TASK BRIEF: Transcribe all data verbatim. Skip the pictures.

DATA EXCERPT:
────────────────────────────────────────
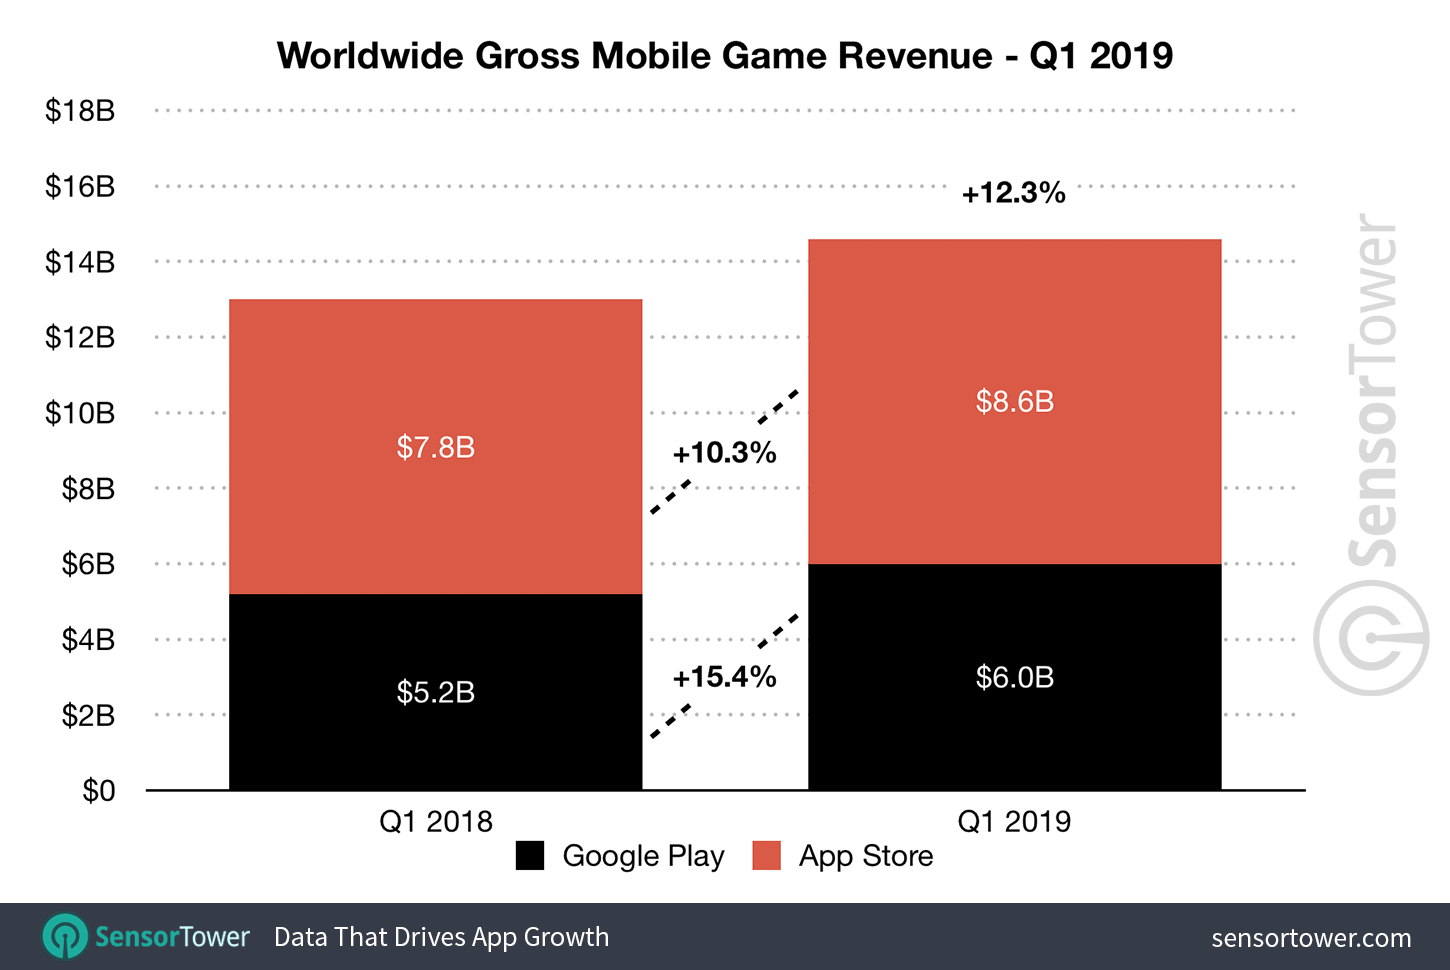 Q1 2019 Mobile Game Revenue
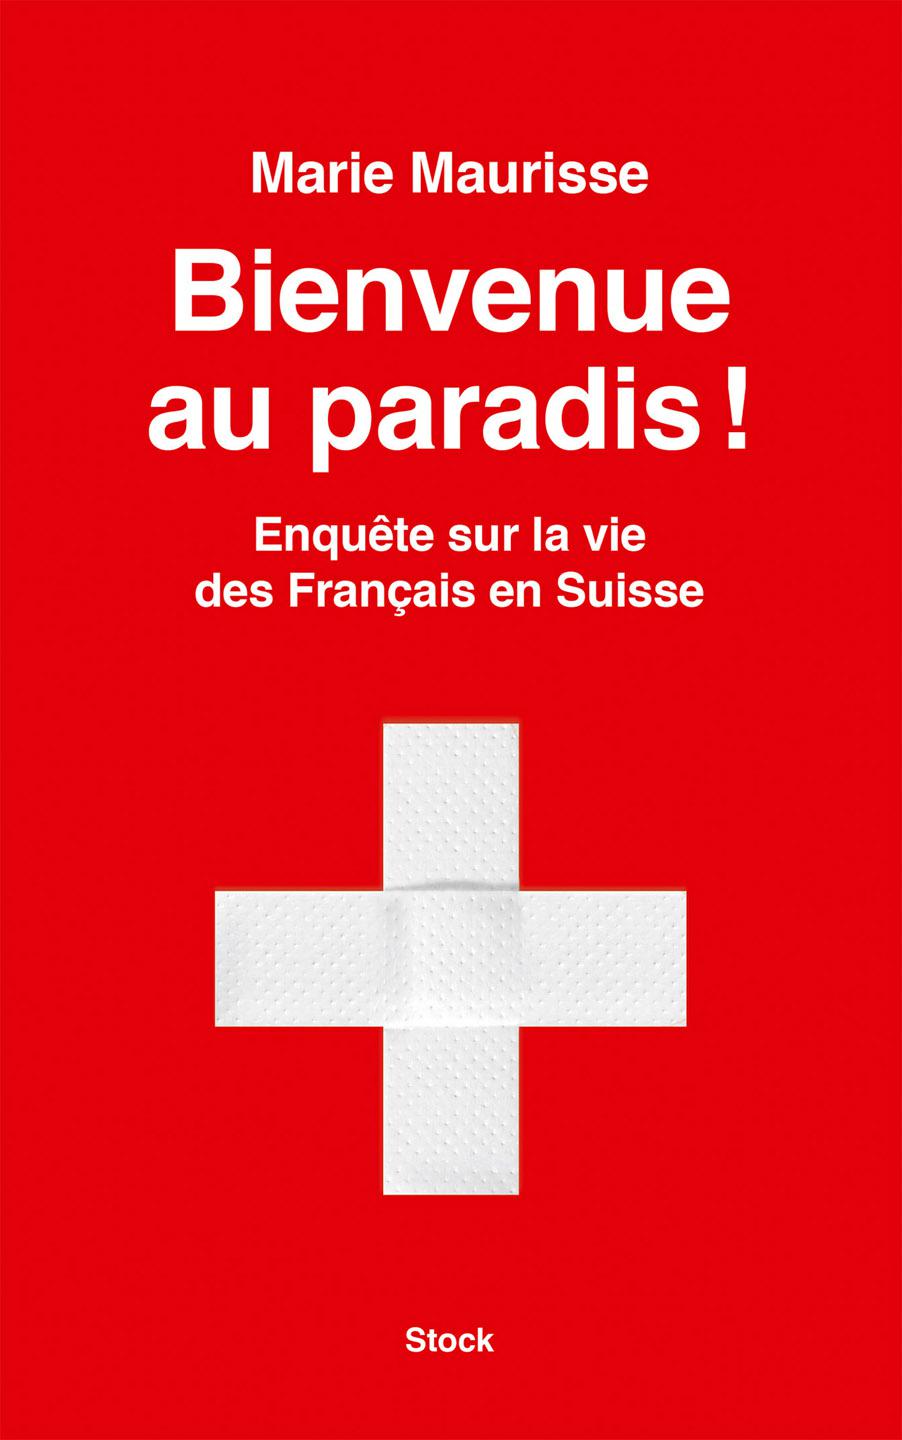 Bienvenue au paradis : Enquête sur la vie des Français en Suisse. Marie Maurisse
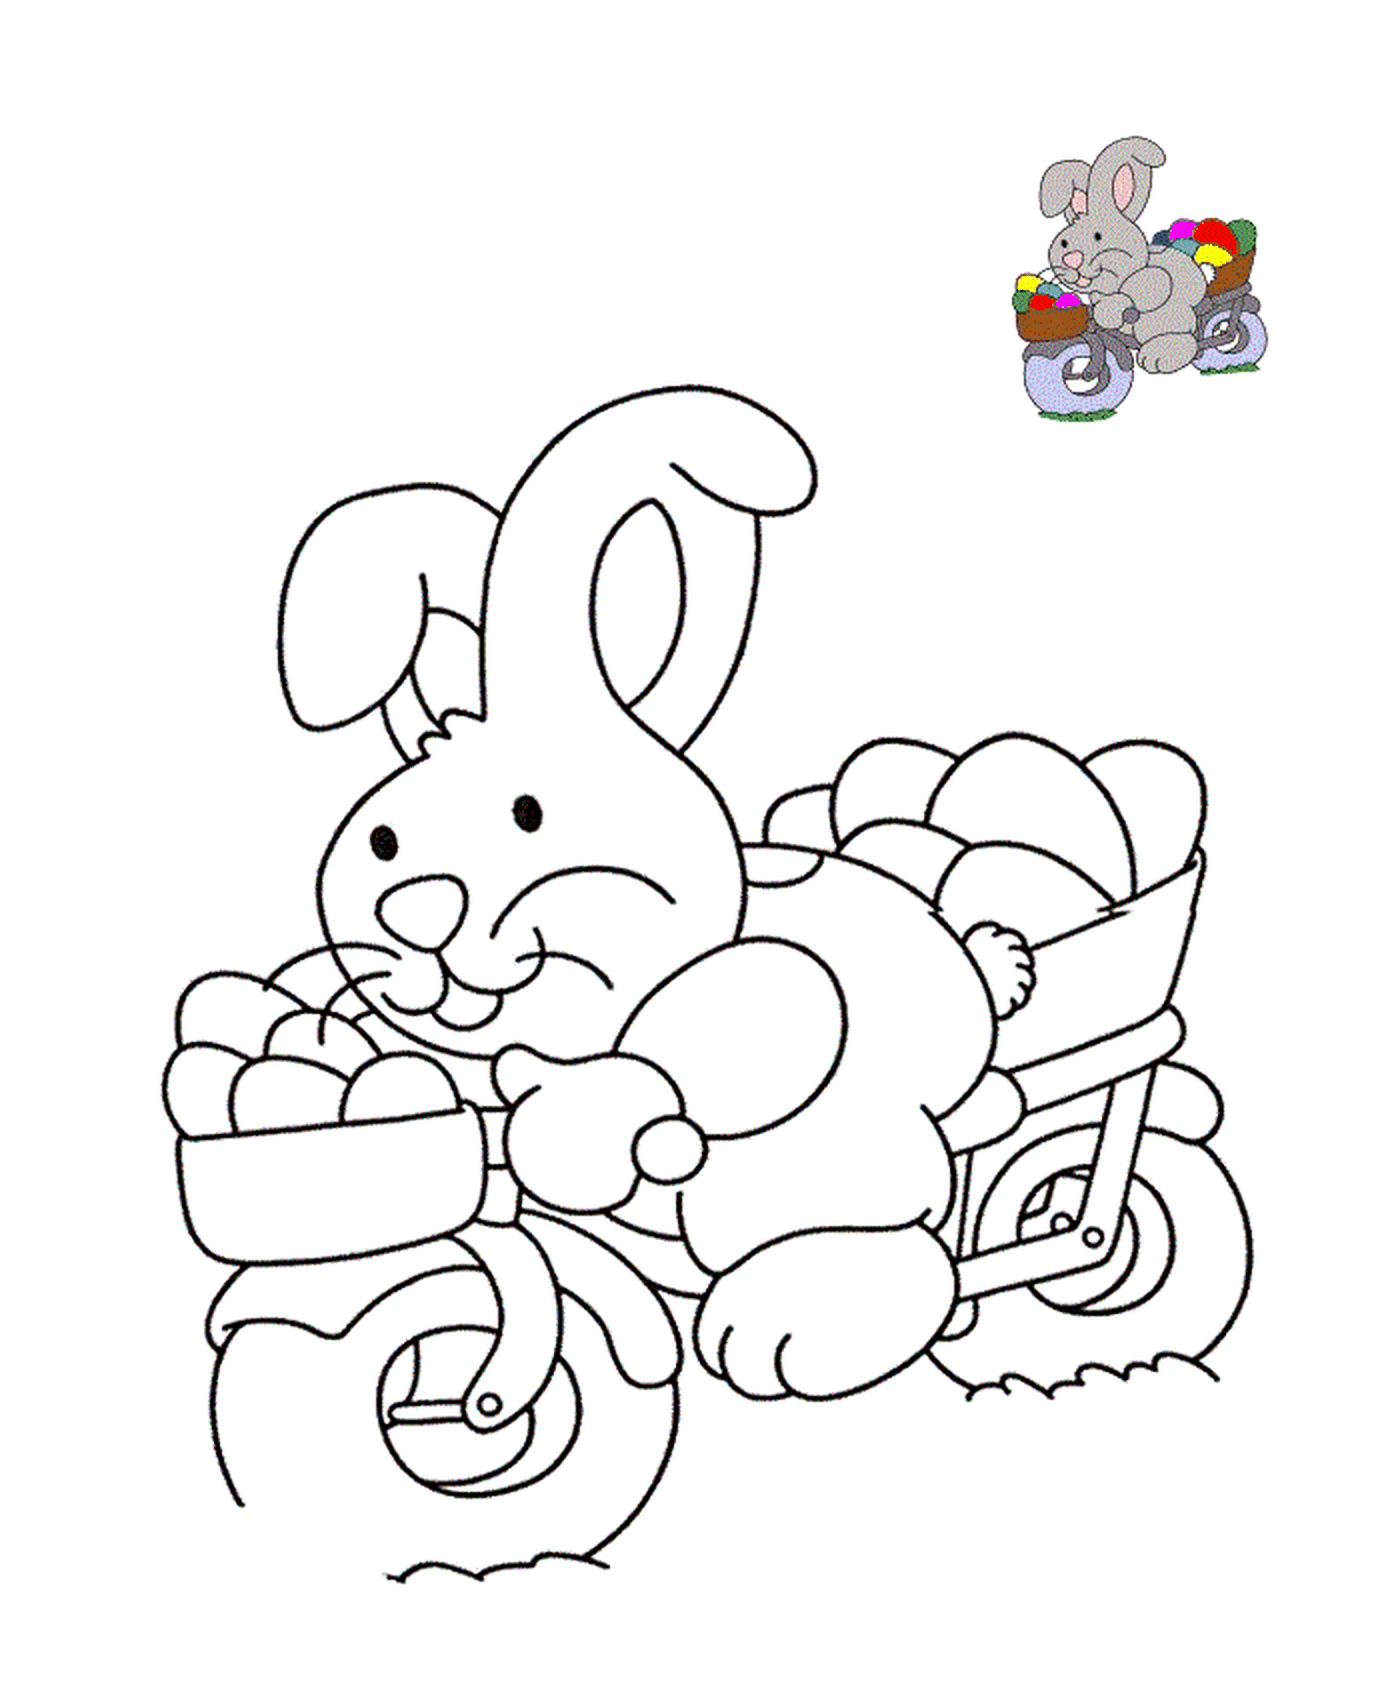  Rabbit picking Easter eggs by bike
────────────────────────────────────────
OUTPUT FOR THIS TASK:
 Q1 2019 Mobile Game Revenue
 Bienvenue au paradis : Enquête sur la vie des Français en Suisse. Marie Maurisse
  Rabbit picking Easter eggs by bike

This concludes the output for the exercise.